Not everyone has to go to these extremes, especially if the app isn’t mission critical, but a good recommendation would be to have some documentation for ops on how to act in general cases so that you get the most data possible about the issue.  Like how to gather performance counter data or dumps.

In my last post i described how you can set up rules with debug diag that ops can activate as needed.

8. What do you mean baseline?  I think CPU usage is usually around 40%, maybe 50

When you troubleshoot a problem like a hang, memory leak or crash a key piece of information is often “what is different in the failure state compared to the normal state”.

Setting up a performance counter log that rolls over for example every 24 hours and alerts ops when certain values exceed some predefined number is very easy and has extremely low impact on the system.

Having this history when you troubleshoot something is as i mentioned very useful since you can see things like, right around the time it crashed memory went up to x MB, or we started seeing a large number of exceptions etc.   Although it might not solve the issue it can often give you a good direction to move in.

This article about Performance monitoring and when to alert administrators is from 2003, but except for a few changes in a few of the counters most of it still holds true.   The article describes what counters to look at, suggested trigger values and some typical causes for issues that cause the counter to hit the trigger.  It’s simply a must read.

9. I don’t need to care about memory management, isn’t that what the GC is for?

True, true, the GC manages the .net memory in the sense that it will automatically collect any objects that are collectable and free them so you don’t have to call free or release as you would in native languages.

Memory problems are very seldom caused by the GC not collecting as it should.  Instead they are often caused because the app is unintentionally still holding on to the objects, through references or through not disposing/closing/clearing disposable objects.

I have written tons of articles around memory management and memory issues in .net so rather than listing them all, just look at the Memory #tag to get more info about .net memory issues, how the GC works and how .net memory management works.

The moral of the story here is that even if you have a garbage collector, you still need to make sure that your memory is ready to collect.

 

I would love to hear your comments on these topics. 

This is by no means supposed to be a complete list, so I would also love to hear about your own tips on how Devs can make life easier for the Ops guys and avoid production issues.

On the soapbox,
Tess

  • Tess- For point #2, you can enable tracing in WCF but have the level set to Off.

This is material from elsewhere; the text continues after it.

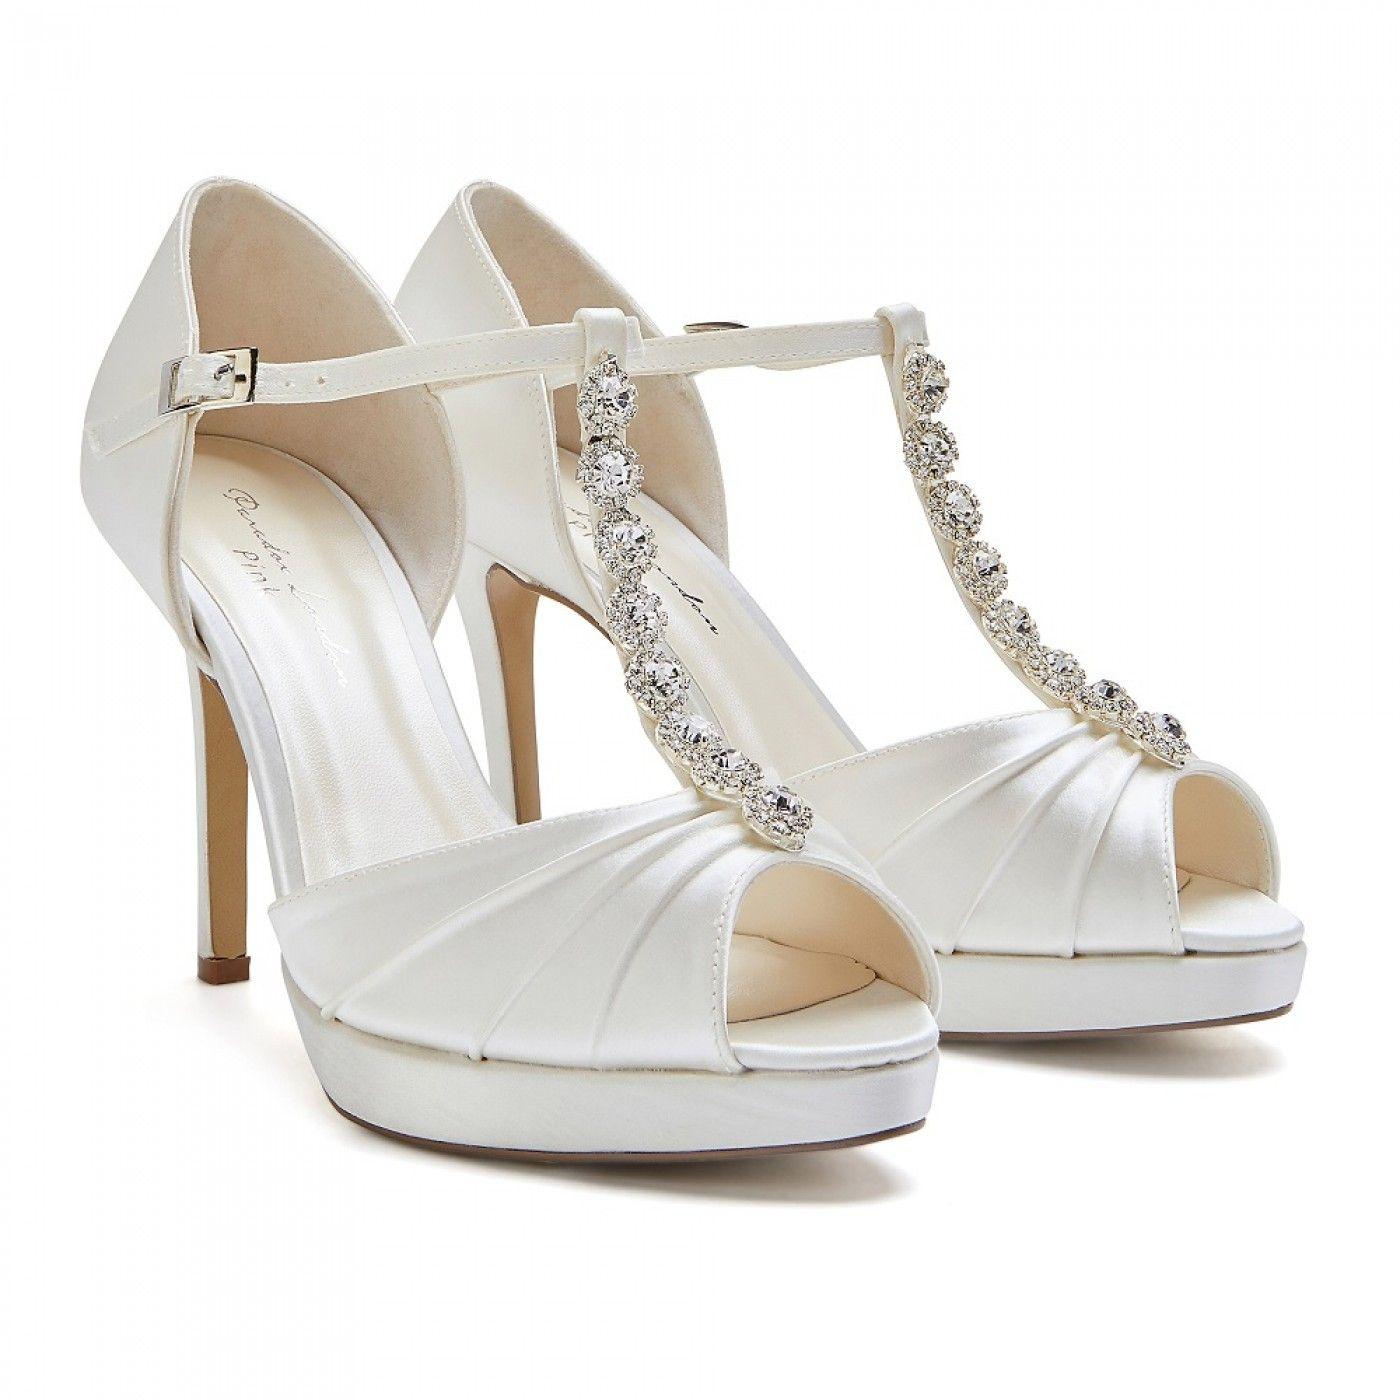 a04686774d7 Pink Paradox Cindy Ivory Satin High Heel Crystal T-Bar Platform ...

At runtime, you can use WMI to set the tracelevel to Verbose | Error | whatever to capture traces, then set to Off to stop tracing, close the TraceSource, and move the trace files around.

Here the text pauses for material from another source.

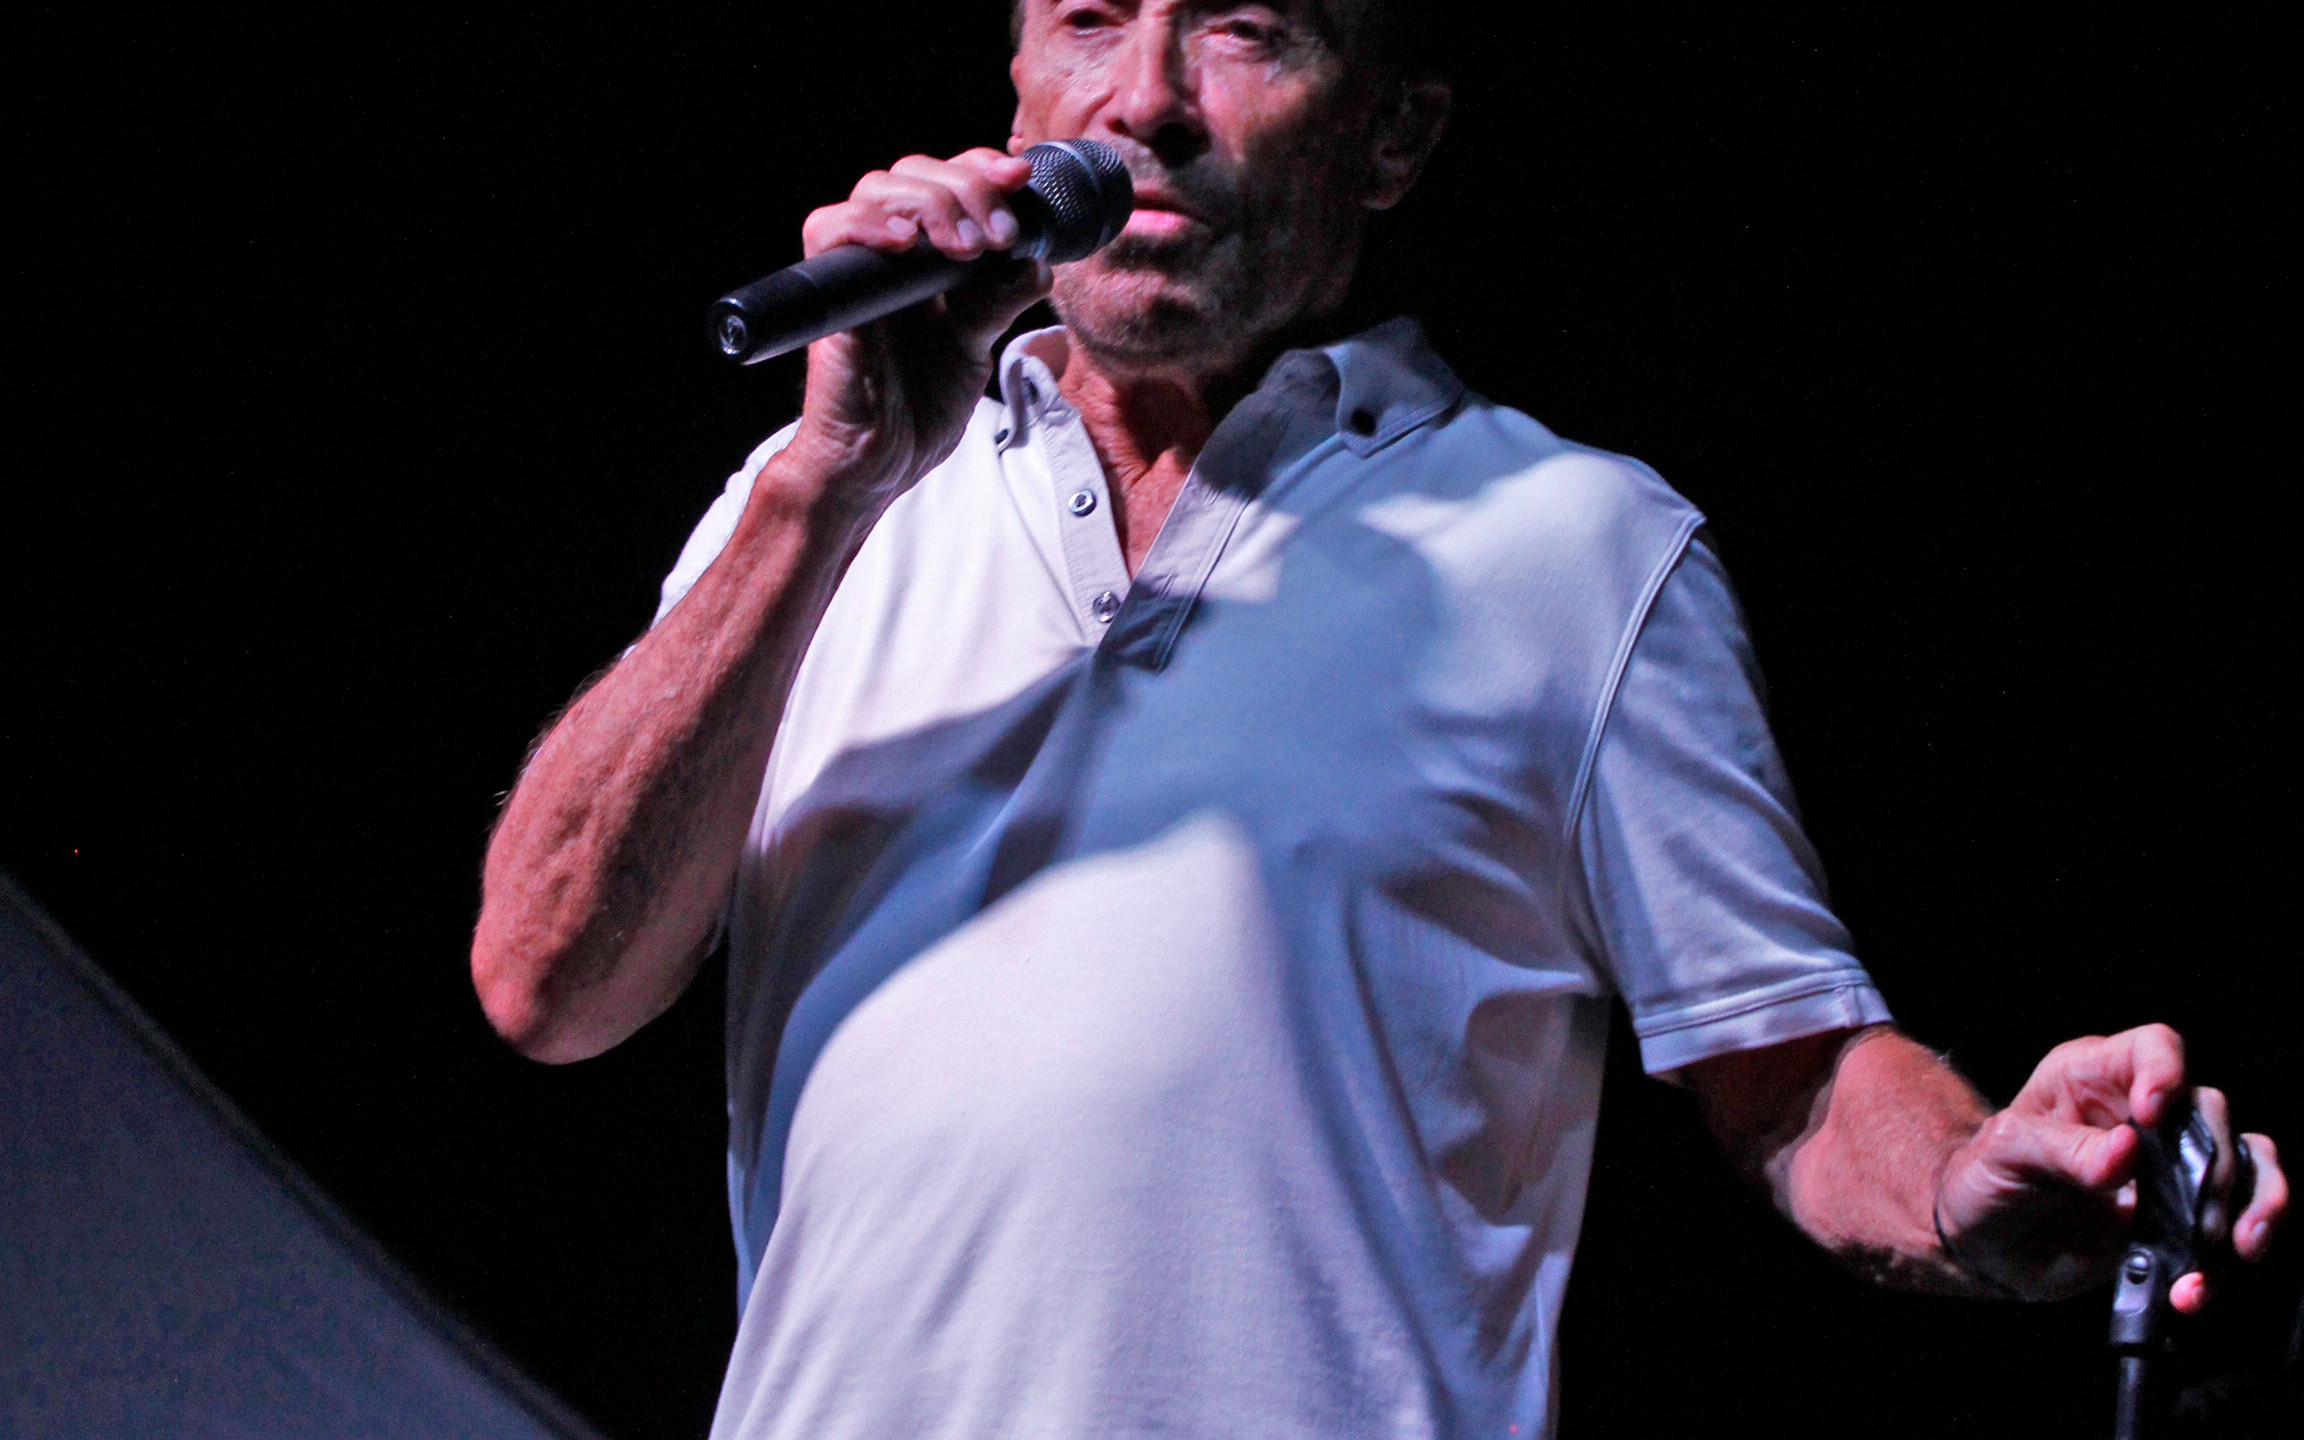 Lee Greenwood performs at Beachaven Wine

    Also WCF (and most of .NET 2.0) supports System.Configuration.ConfigurationElement based config, meaning that you can write to a real Object model and read/write config to a batch of servers without notepad. Powershell and some knowledge of ConfigurationManager should be sufficient. By sticking with these classes for config and your own configuration, you should make ops better.

  • A few weeks back me and Micke (one of our Architect Evangelists) had a session at TechDays where we talked

  • A quick question and a quick comment.

    For the question...with session state in a web farm, I never tried this (I hate in proc session...), but if you make your servers sticky, isn't in proc session still an option?

    And second for the data handling in the database vs the web app as the bottleneck... One thing to consider a lot, is unless you're using a free database, database servers are expensive. SQL Server and Oracle can run a pretty penny. Windows Server 2008 Web Edition however, may as well be free for any company that has a farm (of course, there's the hardware, but...)

    So sometimes...and I stress -sometimes-, from a $$$ perspective, having to get more web servers is cheaper than having to get more database servers. Oh, and some RDBMSs suck at clustering, so sometimes you really don't want to have to...thus, the load goes to the webfarm itself, which is a snap to load balance.

  • Hi ya,

    Great post. Simple things but need to be reiterated every now and then!

    Nice one :o)

  • Is using session state ok if the object is removed from memory by the application as soon as the object is no longer needed?

    We store datasets in session temporarily while a user is working with a dataset coming from a very large table. (over 20 million records) We store it to handle smaller AJAX requests to modify or work with specific records. Once the user navigates away from the page, we clear the session object that stores the dataset.

    Should we instead always hit the database for these type of smaller requests?

  • Web The Browsers Performance in Dependence of HTML Coding COMET (or Reverse AJAX) based Grid control

  • WebTheBrowsersPerformanceinDependenceofHTMLCodingCOMET(orReverseAJAX)basedGrid...

  • "Just some food for thought there…  I think that very few applications are better/faster at handling/processing data than database engines, hence if the code in the app is not better at data processing than the DB, then aren’t chances pretty good that this will just create a bottleneck in the app instead? "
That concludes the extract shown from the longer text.